> _Goal of the exercise_
Omit any picture, and return the remaining data exactly as written.

> _Dataset excerpt_
______________________________

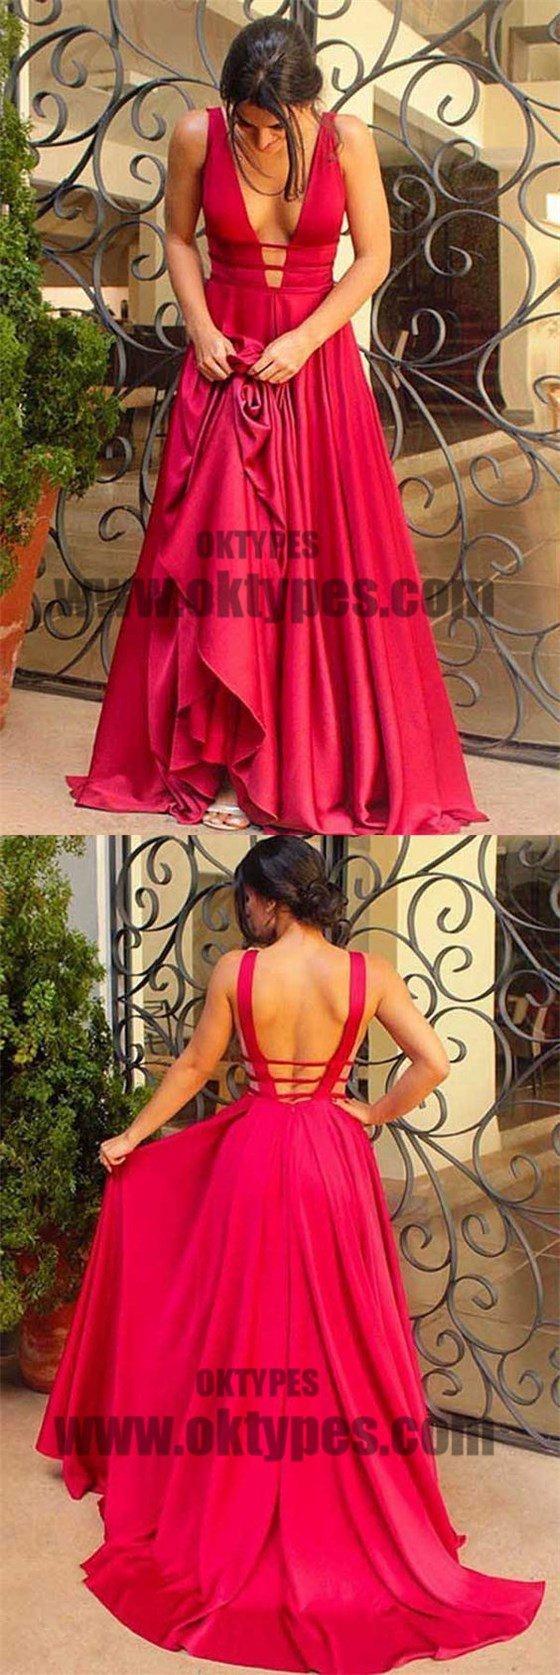 Red spaghetti strap vneck backless prom dresses long mermaid soft
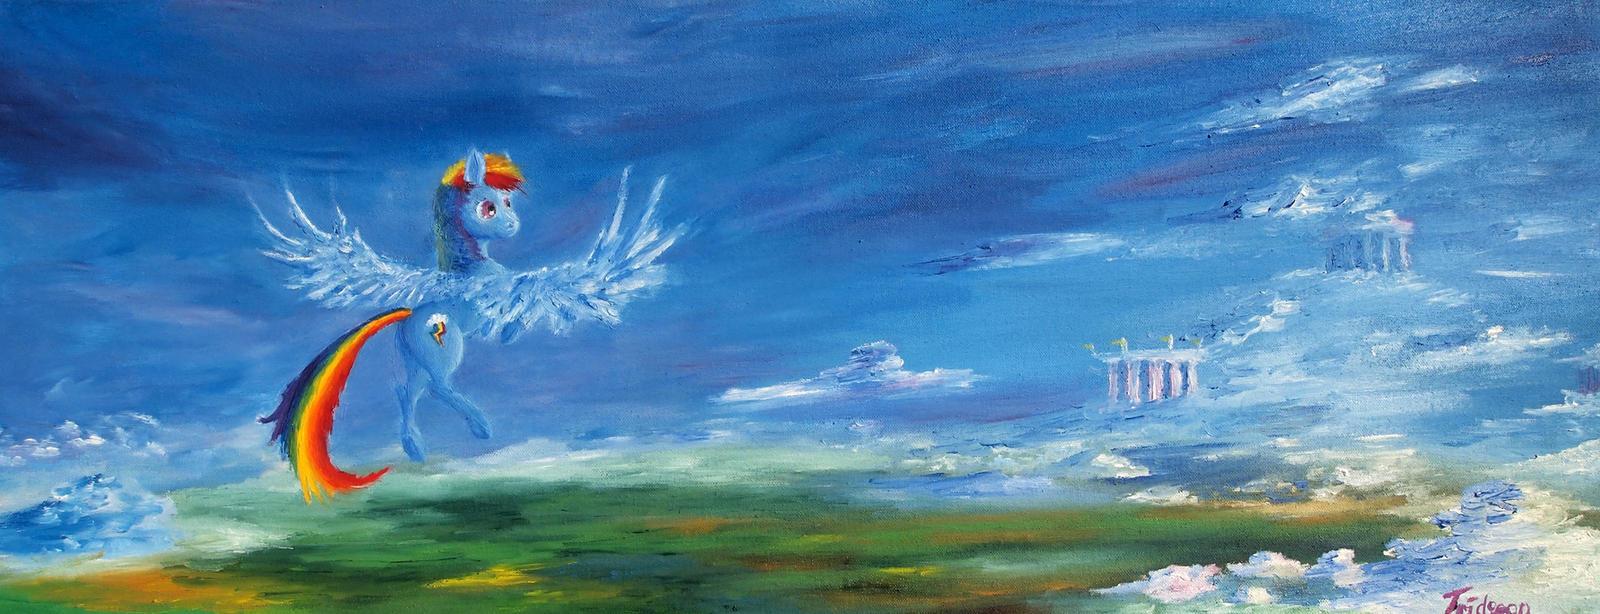 Dashing through Cloudsdale by Tridgeon
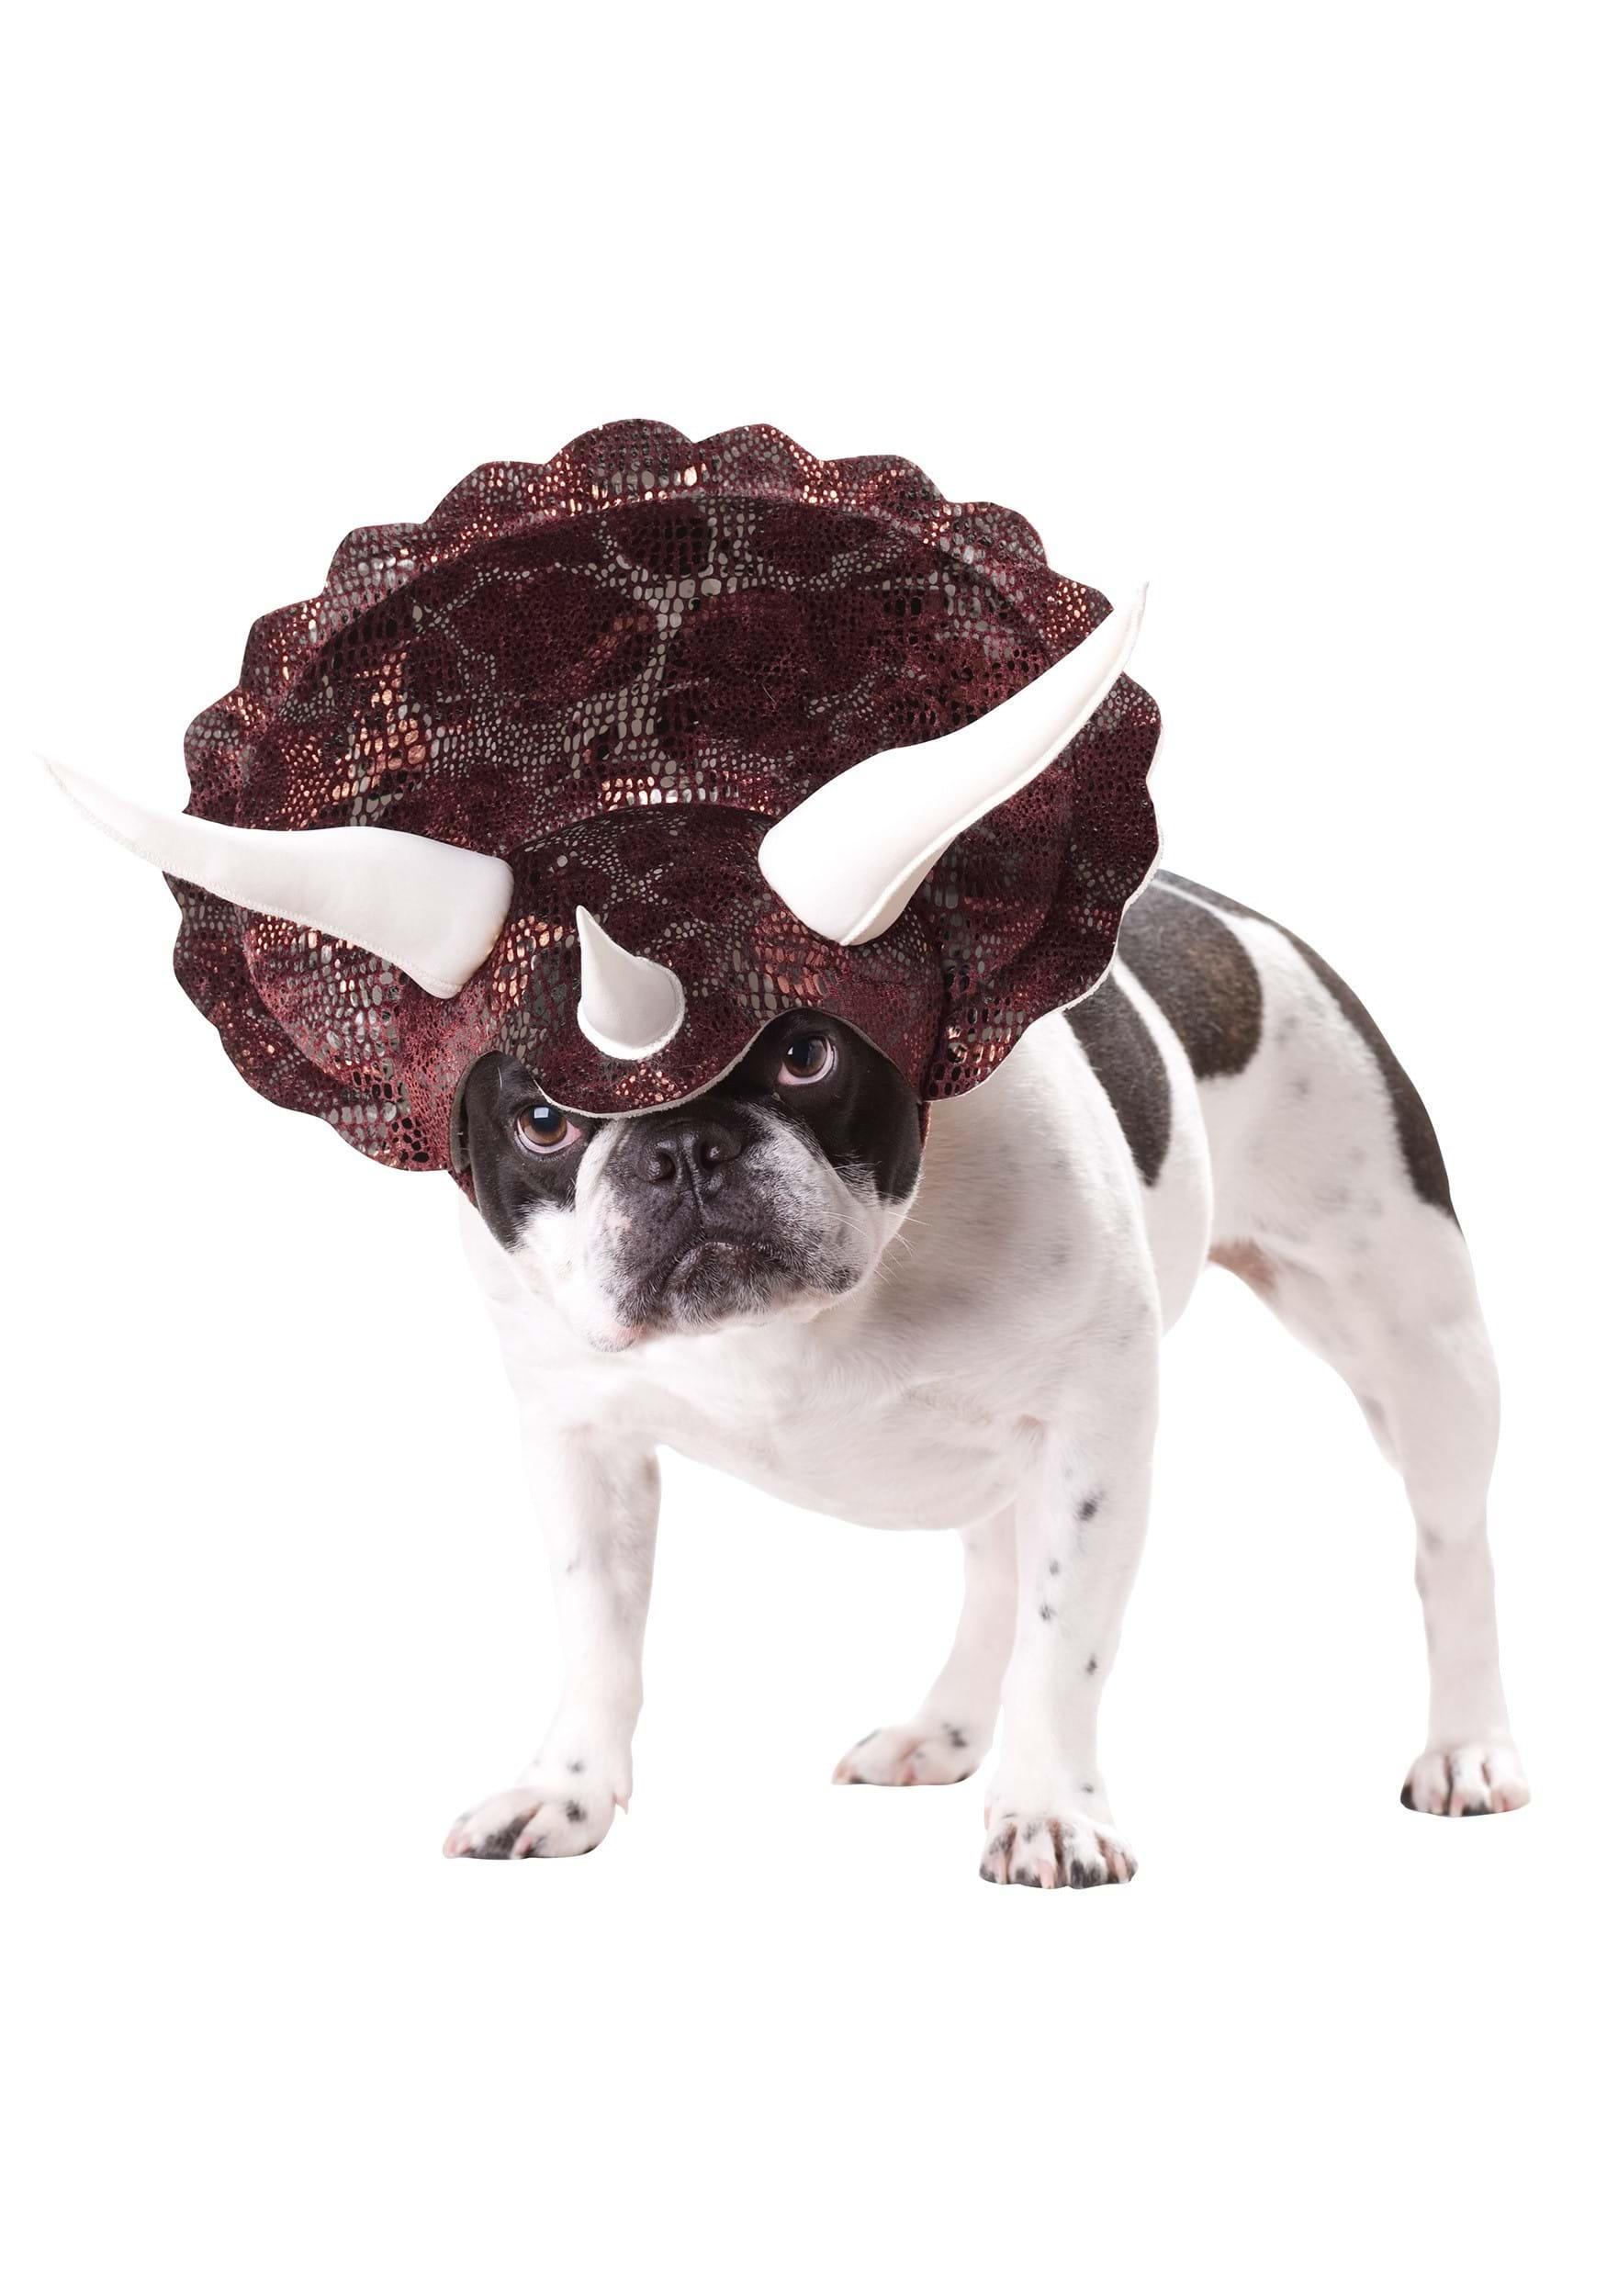 Superhero Dog Costumes Funny Pet Halloween Fancy Dress | eBay |Pet Halloween Coustumes

______________________________

> _Written response_
 Red spaghetti strap vneck backless prom dresses long mermaid soft
 Dashing through Cloudsdale by Tridgeon
 Superhero Dog Costumes Funny Pet Halloween Fancy Dress | eBay |Pet Halloween Coustumes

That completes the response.